Lines in the data below that contain the word "Unisex" are to be copied.

== Segment start ==

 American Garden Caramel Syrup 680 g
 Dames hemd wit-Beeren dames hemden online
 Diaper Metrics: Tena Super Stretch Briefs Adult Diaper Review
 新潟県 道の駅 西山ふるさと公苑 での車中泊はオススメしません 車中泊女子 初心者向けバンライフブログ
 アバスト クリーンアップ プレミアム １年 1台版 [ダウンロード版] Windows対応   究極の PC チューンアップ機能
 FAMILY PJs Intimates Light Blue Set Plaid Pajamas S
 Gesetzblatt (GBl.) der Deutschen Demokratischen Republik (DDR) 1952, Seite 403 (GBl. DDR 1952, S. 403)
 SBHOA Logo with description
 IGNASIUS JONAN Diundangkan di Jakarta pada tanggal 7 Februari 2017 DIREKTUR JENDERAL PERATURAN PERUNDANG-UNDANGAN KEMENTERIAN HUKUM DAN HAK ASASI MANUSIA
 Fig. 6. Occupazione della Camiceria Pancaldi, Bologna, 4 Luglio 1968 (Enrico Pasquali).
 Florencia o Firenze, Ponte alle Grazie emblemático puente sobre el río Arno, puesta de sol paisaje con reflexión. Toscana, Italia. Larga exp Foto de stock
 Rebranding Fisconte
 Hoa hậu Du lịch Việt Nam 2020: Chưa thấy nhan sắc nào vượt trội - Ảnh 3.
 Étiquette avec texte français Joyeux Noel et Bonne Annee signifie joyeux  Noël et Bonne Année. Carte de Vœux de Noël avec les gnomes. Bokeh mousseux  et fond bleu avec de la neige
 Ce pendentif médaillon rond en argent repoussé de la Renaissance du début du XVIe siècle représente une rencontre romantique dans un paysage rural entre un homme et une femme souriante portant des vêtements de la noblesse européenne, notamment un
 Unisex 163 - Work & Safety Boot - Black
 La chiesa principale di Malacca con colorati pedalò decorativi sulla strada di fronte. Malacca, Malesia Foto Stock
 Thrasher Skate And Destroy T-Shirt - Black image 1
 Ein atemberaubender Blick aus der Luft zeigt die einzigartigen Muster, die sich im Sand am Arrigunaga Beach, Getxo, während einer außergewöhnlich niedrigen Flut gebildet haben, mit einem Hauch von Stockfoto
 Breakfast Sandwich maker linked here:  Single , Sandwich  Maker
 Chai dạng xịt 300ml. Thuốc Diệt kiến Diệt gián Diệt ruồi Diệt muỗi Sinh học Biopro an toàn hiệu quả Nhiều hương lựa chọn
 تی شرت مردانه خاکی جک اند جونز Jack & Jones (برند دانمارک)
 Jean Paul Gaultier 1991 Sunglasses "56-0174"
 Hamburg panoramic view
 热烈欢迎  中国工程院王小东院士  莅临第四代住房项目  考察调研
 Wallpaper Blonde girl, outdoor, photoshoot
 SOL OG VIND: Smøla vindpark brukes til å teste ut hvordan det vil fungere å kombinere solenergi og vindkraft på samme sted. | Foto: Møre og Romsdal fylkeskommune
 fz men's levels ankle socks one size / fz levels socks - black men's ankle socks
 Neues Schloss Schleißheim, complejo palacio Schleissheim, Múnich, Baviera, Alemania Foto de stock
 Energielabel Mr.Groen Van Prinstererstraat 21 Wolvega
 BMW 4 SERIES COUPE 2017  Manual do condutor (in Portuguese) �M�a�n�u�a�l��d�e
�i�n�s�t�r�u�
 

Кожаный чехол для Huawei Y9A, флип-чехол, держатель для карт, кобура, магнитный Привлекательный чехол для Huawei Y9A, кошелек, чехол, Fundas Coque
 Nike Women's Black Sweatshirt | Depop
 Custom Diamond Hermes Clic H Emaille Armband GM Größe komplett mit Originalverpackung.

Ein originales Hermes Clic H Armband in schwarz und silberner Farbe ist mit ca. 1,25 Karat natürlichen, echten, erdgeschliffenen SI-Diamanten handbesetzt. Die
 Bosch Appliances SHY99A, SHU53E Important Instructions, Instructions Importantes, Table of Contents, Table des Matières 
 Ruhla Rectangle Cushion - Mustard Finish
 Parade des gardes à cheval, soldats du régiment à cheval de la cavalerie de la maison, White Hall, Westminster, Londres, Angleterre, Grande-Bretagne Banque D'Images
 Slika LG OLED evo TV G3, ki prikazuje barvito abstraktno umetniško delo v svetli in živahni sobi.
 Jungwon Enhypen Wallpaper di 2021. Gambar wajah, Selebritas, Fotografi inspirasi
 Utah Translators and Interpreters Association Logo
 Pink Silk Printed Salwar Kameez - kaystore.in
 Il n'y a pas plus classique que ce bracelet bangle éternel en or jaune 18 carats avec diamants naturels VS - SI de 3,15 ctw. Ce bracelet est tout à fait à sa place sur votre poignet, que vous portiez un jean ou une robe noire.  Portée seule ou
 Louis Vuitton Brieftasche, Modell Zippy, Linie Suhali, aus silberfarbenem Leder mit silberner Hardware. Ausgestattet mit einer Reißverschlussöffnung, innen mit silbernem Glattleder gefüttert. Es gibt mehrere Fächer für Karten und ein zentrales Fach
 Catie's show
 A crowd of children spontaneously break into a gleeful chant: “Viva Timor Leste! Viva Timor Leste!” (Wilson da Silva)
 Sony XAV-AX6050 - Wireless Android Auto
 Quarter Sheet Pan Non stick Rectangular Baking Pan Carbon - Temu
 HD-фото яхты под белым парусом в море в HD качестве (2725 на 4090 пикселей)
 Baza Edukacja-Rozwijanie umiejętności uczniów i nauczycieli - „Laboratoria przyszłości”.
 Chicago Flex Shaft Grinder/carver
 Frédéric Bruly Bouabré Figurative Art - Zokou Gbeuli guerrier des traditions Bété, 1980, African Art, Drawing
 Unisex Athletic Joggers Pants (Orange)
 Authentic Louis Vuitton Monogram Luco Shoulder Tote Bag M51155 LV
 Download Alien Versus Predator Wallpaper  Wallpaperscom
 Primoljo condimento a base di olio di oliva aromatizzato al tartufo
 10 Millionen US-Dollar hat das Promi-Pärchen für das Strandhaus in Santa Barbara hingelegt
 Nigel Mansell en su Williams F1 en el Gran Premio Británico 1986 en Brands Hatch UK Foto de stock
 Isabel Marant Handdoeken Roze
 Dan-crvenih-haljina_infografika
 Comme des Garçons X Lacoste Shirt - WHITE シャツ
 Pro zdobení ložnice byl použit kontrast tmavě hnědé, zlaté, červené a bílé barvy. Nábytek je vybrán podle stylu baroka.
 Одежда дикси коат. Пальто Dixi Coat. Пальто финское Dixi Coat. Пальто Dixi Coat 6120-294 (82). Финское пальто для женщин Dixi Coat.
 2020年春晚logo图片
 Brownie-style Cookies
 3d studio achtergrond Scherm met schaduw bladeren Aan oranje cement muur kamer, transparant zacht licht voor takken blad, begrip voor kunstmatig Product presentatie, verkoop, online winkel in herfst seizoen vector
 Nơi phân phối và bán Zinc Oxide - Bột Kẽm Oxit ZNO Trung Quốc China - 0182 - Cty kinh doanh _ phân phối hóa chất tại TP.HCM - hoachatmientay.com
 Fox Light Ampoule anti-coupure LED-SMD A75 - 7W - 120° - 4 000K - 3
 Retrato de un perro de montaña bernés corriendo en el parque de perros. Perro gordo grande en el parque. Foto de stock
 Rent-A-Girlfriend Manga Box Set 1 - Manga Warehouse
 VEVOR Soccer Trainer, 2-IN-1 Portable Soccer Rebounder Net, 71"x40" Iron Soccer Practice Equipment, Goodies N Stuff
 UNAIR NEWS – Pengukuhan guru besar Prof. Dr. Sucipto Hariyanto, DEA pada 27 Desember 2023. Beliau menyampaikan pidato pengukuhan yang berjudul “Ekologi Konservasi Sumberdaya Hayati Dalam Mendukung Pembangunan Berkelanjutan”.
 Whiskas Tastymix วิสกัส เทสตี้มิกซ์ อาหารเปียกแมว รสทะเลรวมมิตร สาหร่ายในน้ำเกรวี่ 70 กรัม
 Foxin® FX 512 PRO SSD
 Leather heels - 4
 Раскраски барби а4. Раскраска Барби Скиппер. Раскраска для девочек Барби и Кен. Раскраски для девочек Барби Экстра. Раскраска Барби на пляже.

== Segment end ==

* [Answer space]:
 Unisex 163 - Work & Safety Boot - Black
 Unisex Athletic Joggers Pants (Orange)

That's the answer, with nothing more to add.